[Beignet] [PATCH 2/4] GBE: Implement to_local/private/global() function
xionghu.luo at intel.com
xionghu.luo at intel.com
Mon Jan 18 19:29:07 PST 2016
From: Ruiling Song <ruiling.song at intel.com>
to avoid zero address in local memory, 4 bytes is reserved. this will be fixed later.
Signed-off-by: Ruiling Song <ruiling.song at intel.com>
---
backend/src/backend/program.h | 1 +
backend/src/ir/profile.cpp | 4 +++-
backend/src/ir/profile.hpp | 3 ++-
backend/src/libocl/include/ocl_misc.h | 6 ++++++
backend/src/libocl/src/ocl_misc.cl | 21 +++++++++++++++++++++
backend/src/llvm/llvm_gen_backend.cpp | 22 ++++++++++++++++++++++
backend/src/llvm/llvm_gen_ocl_function.hxx | 1 +
src/cl_command_queue_gen7.c | 12 +++++++++---
8 files changed, 65 insertions(+), 5 deletions(-)

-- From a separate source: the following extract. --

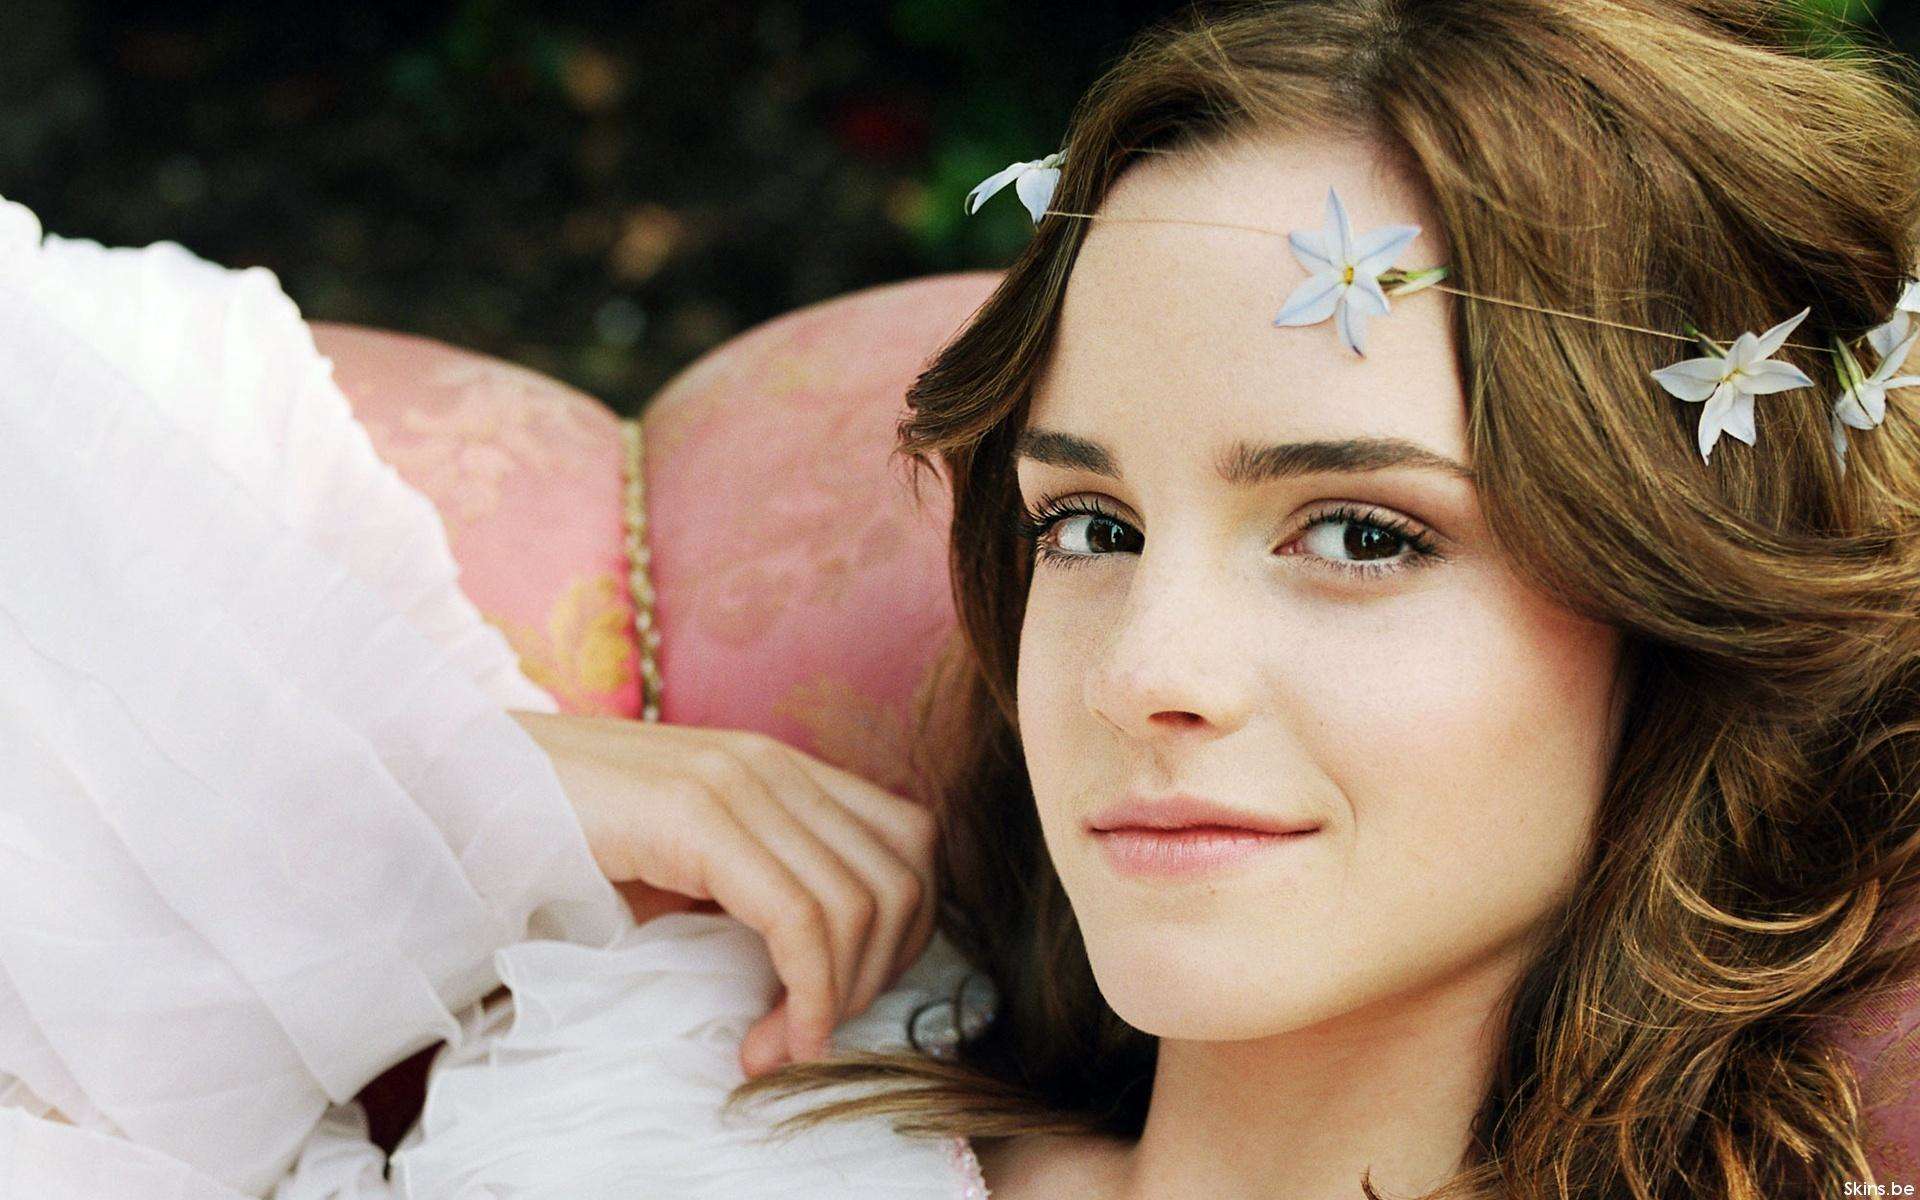 Emma Watson: क्या अभिनय को अलविदा कह रही हैरी पॉटर फेम एमा वॉटसन, जानें सच्चाई

diff --git a/backend/src/backend/program.h b/backend/src/backend/program.h
index 03150bc..0eece8f 100644
--- a/backend/src/backend/program.h
+++ b/backend/src/backend/program.h
@@ -100,6 +100,7 @@ enum gbe_curbe_type {
GBE_CURBE_DW_BLOCK_IP,
GBE_CURBE_THREAD_NUM,
GBE_CURBE_CONSTANT_ADDRSPACE,
+ GBE_CURBE_STACK_SIZE,
GBE_GEN_REG,
};
diff --git a/backend/src/ir/profile.cpp b/backend/src/ir/profile.cpp
index 0699167..4f28e34 100644
--- a/backend/src/ir/profile.cpp
+++ b/backend/src/ir/profile.cpp
@@ -44,7 +44,8 @@ namespace ir {
"retVal",
"printf_buffer_pointer", "printf_index_buffer_pointer",
"dwblockip",
- "constant_addrspace_start"
+ "constant_addrspace_start",
+ "stack_size"
};
#if GBE_DEBUG
@@ -88,6 +89,7 @@ namespace ir {
DECL_NEW_REG(FAMILY_QWORD, printfiptr, 1, GBE_CURBE_PRINTF_INDEX_POINTER);
DECL_NEW_REG(FAMILY_DWORD, dwblockip, 0, GBE_CURBE_DW_BLOCK_IP);
DECL_NEW_REG(FAMILY_QWORD, constant_addrspace, 1, GBE_CURBE_CONSTANT_ADDRSPACE);
+ DECL_NEW_REG(FAMILY_QWORD, stacksize, 1, GBE_CURBE_STACK_SIZE);
}
#undef DECL_NEW_REG
diff --git a/backend/src/ir/profile.hpp b/backend/src/ir/profile.hpp
index 79761d4..f348e0d 100644
--- a/backend/src/ir/profile.hpp
+++ b/backend/src/ir/profile.hpp
@@ -72,7 +72,8 @@ namespace ir {
static const Register printfiptr = Register(28); // printf index buffer address.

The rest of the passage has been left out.